Проворно соскочив, он помог хозяину вылезти из кошевы и почтительно склонил свою кудлатую голову перед полицейским, приехавшим в Тюдралу вместе с Евстигнеем.
Зотников не спеша вошел в избу, откинул енотовый воротник тулупа и, сняв шапку, перекрестился.
— К тебе, хозяюшка, приехали в гости! — сказал он притворно ласковым голосом. — Что-то плохо встречаешь, даже сесть не предложила! — Разглаживая окладистую бороду, Евстигней усмехнулся. — Должно, не любы гости-то?
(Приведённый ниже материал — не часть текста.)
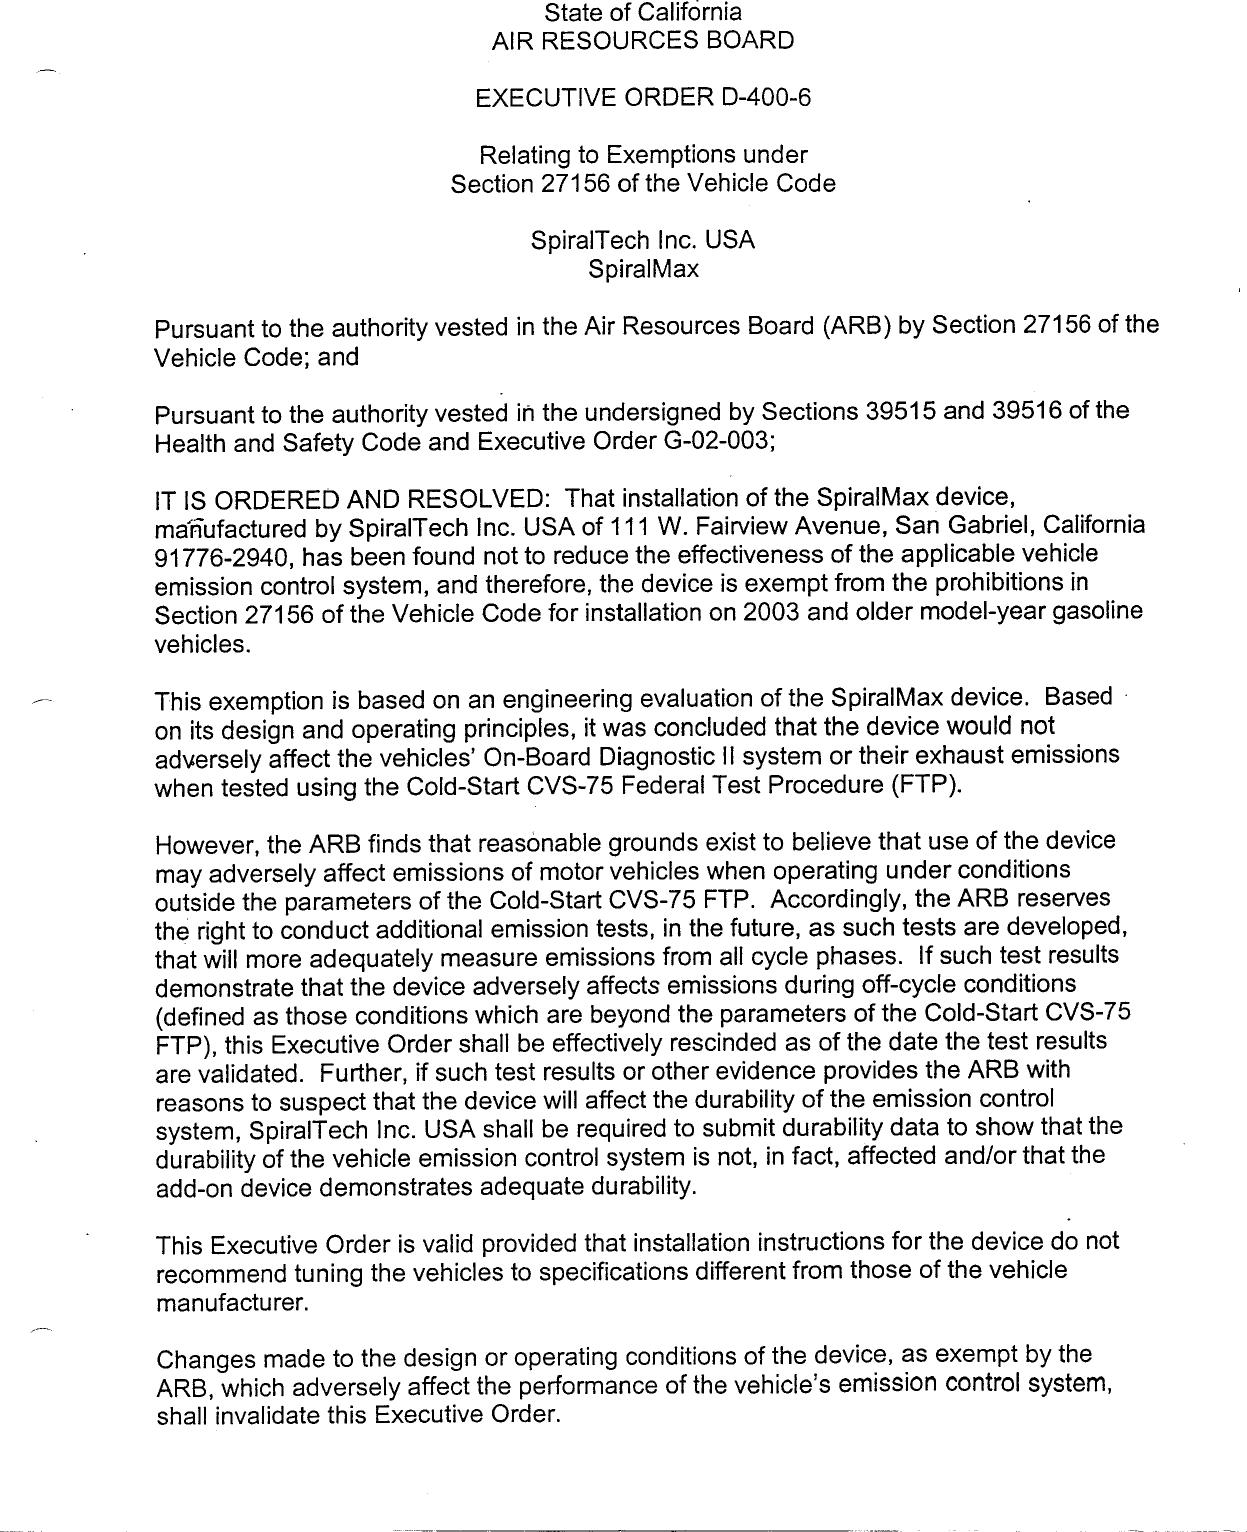 Executive Order D 400 6 Spiraltech Usa Inc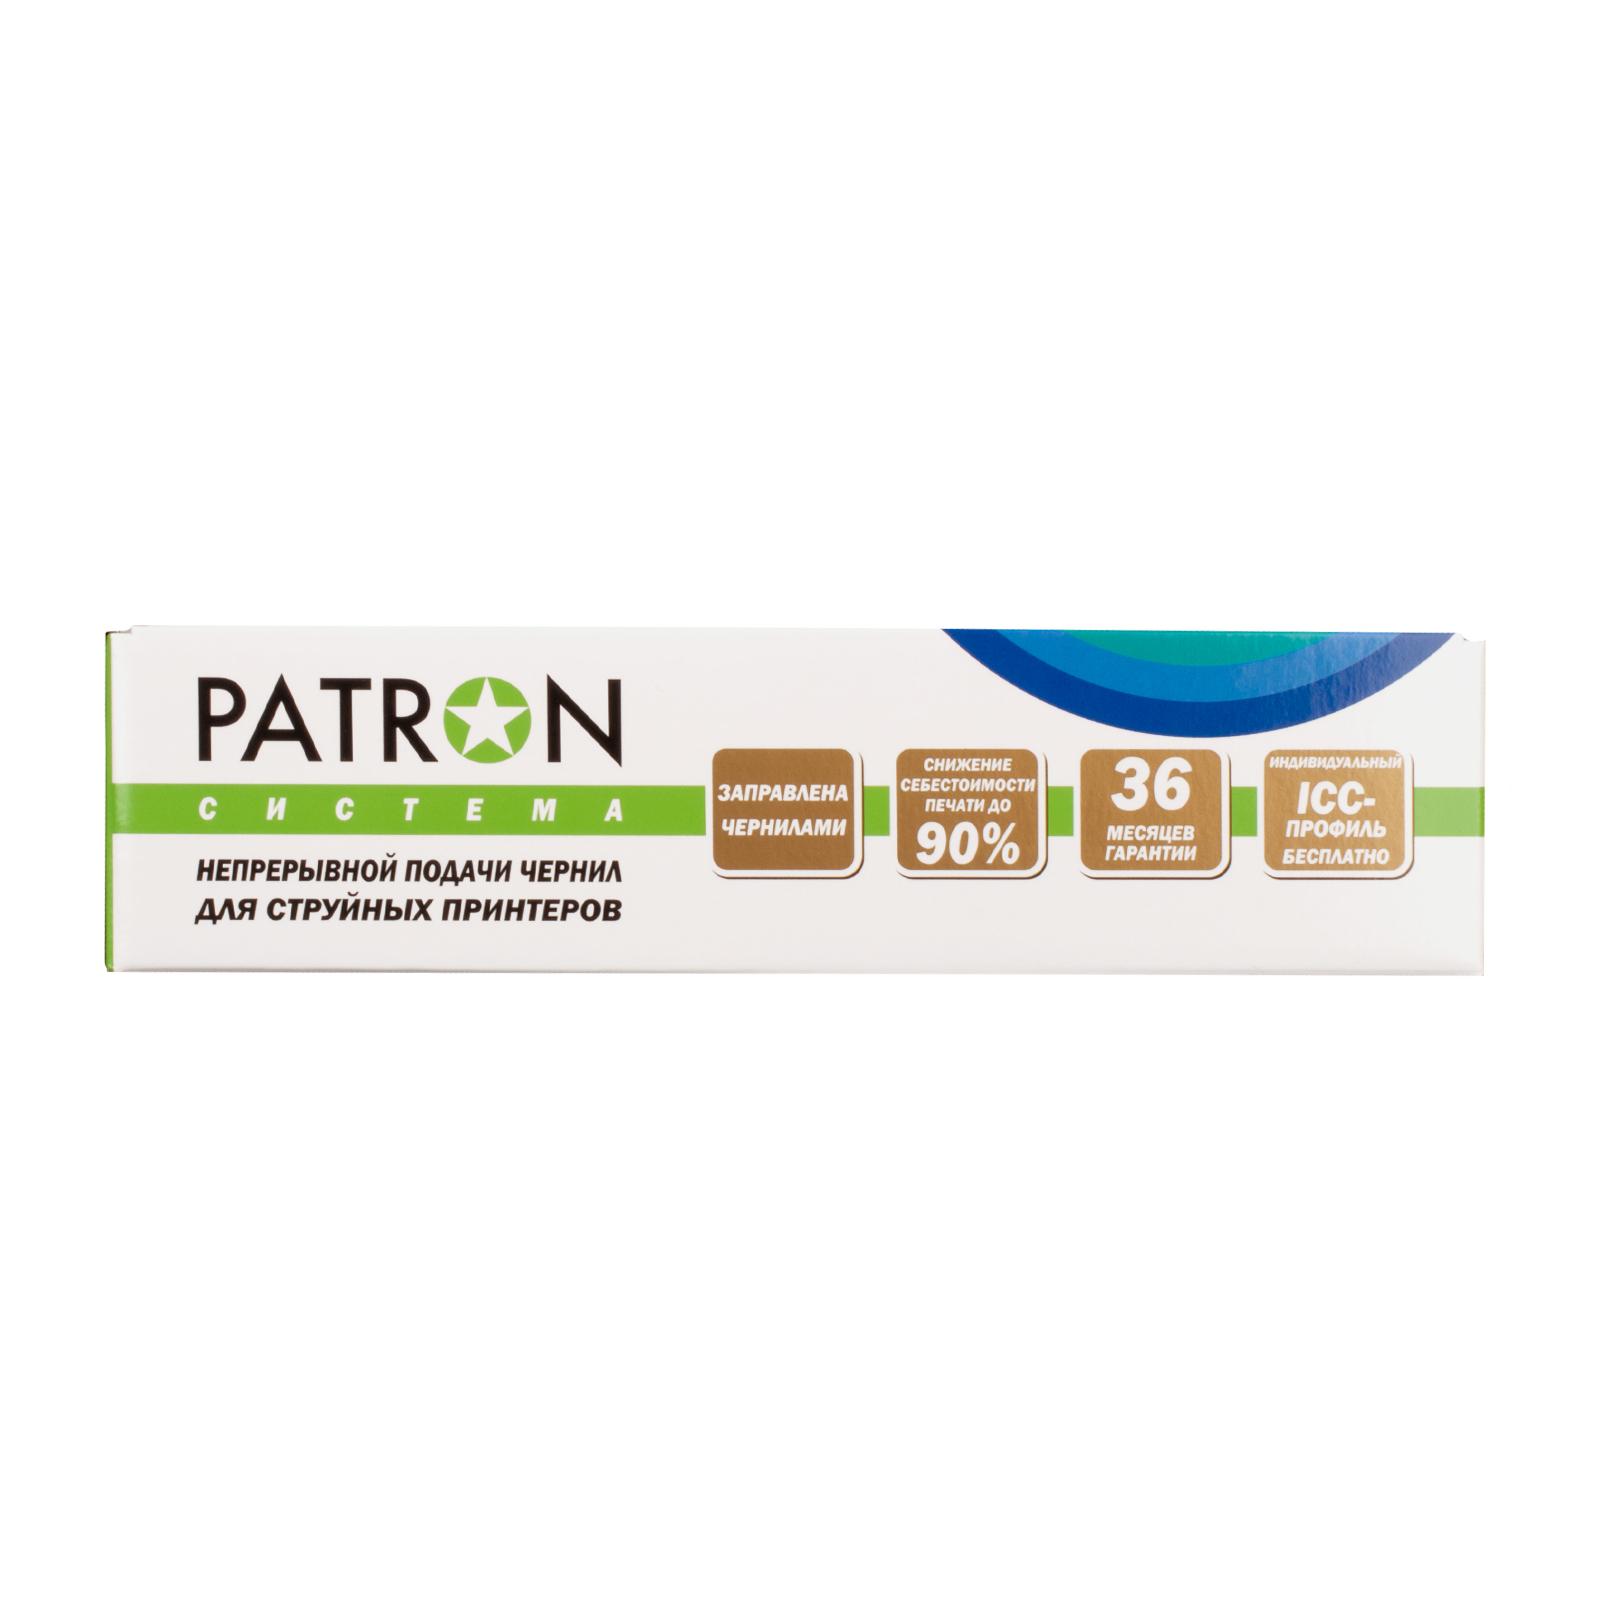 СНПЧ PATRON Epson XP-313/413/203/207/303/306/403/406 (CISS-PN-D-EPS-XP-313) изображение 4

Ничего, мы и без приглашения посидим, не спесивые! — Опустившись на лавку вместе с урядником, Евстигней оглядел голые, промерзшие стены избы и перевел ястребиные глаза на ребят, сидевших в углу на печке.
При виде непрошенных гостей у Степаниды заныло сердце.
— Одевай Кирьку! — вдруг резко сказал Зотников и посмотрел на женщину.
Услышав свое имя, найденыш прижался к Яньке.
— Оглохла, что ли? Господин урядник, — Евстигней повернулся к своему спутнику, — прошу действовать.
Тот крякнул и, поправляя портупею, поднялся с лавки.
— Слышала, хозяйка? — Полицейский уставил свои белесые глаза на Степаниду. — Одевай парнишку. Сей подросток, — указательный палец его остановился на Кирике, — приписан к Евстигнею Тихоновичу Зотникову, а посему прошу не чинить препятствий к его изъятию.
Степанида с тоской посмотрела на присмиревших ребят и не спеша подошла к печке: возражать было бесполезно.
— Киря, одевайся, голубчик! Поедешь на заимку, где раньше жили, — сказала она тихо.
— Я не поеду! — послышался плачущий голос мальчика.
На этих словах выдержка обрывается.